:: ASSIGNED TASK ::
Take the data below and copy exactly the lines starting at the one with "Play The Sims" and finishing at the one with "Make traditional falafel", both included.

:: SOURCE INFORMATION ::

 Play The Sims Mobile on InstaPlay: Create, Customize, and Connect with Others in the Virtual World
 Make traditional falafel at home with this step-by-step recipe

...

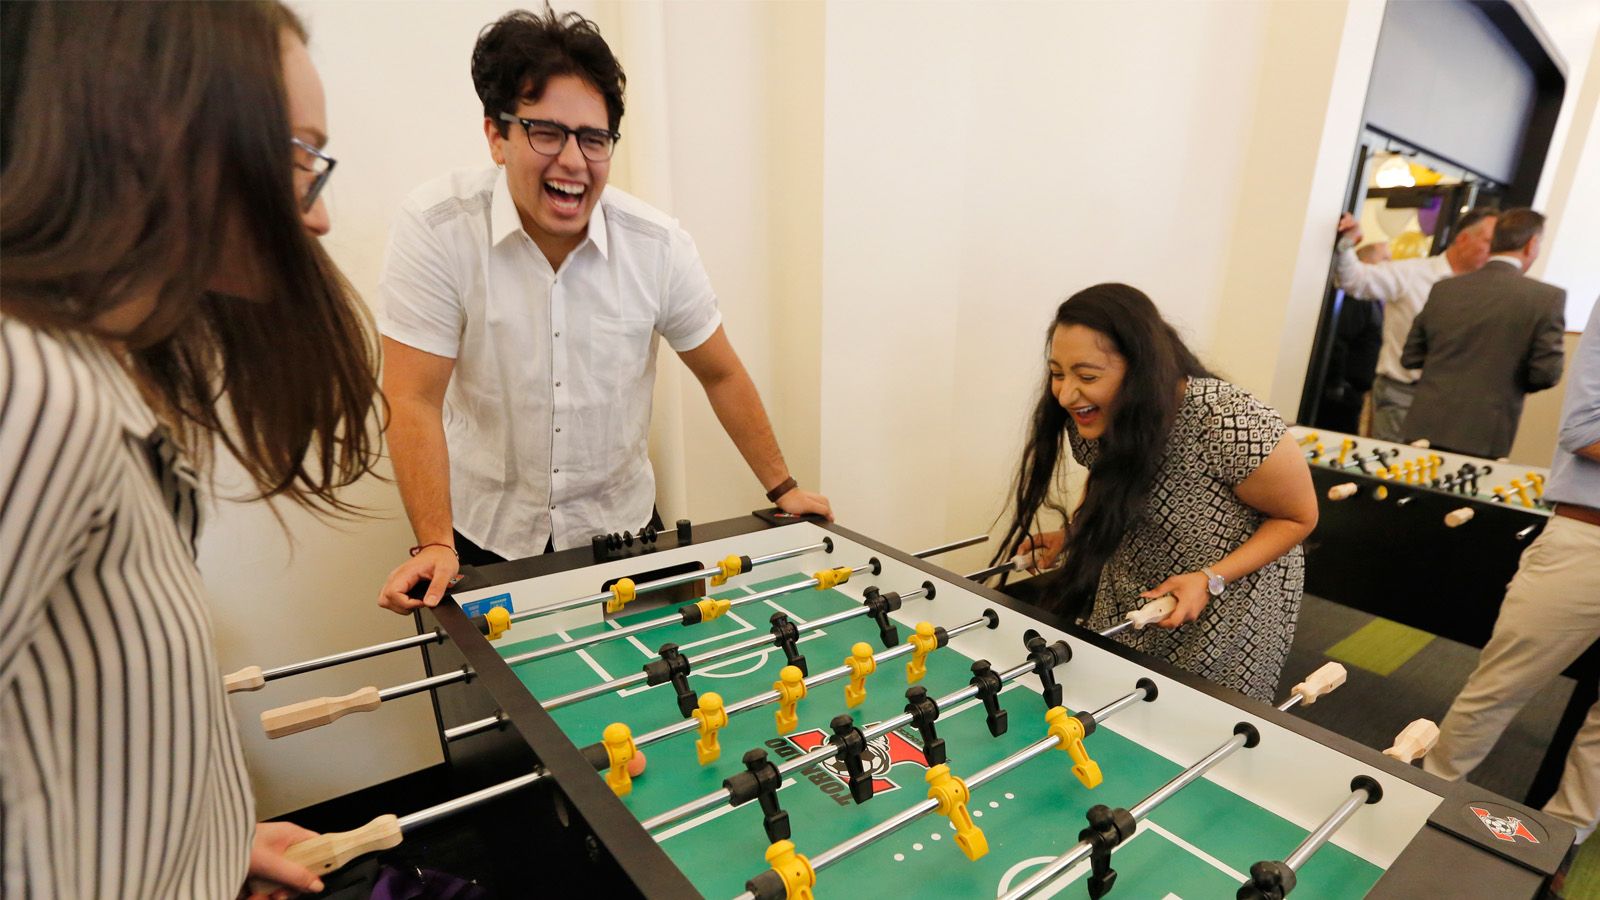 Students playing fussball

:: RESULT OF THIS EXERCISE ::
 Play The Sims Mobile on InstaPlay: Create, Customize, and Connect with Others in the Virtual World
 Make traditional falafel at home with this step-by-step recipe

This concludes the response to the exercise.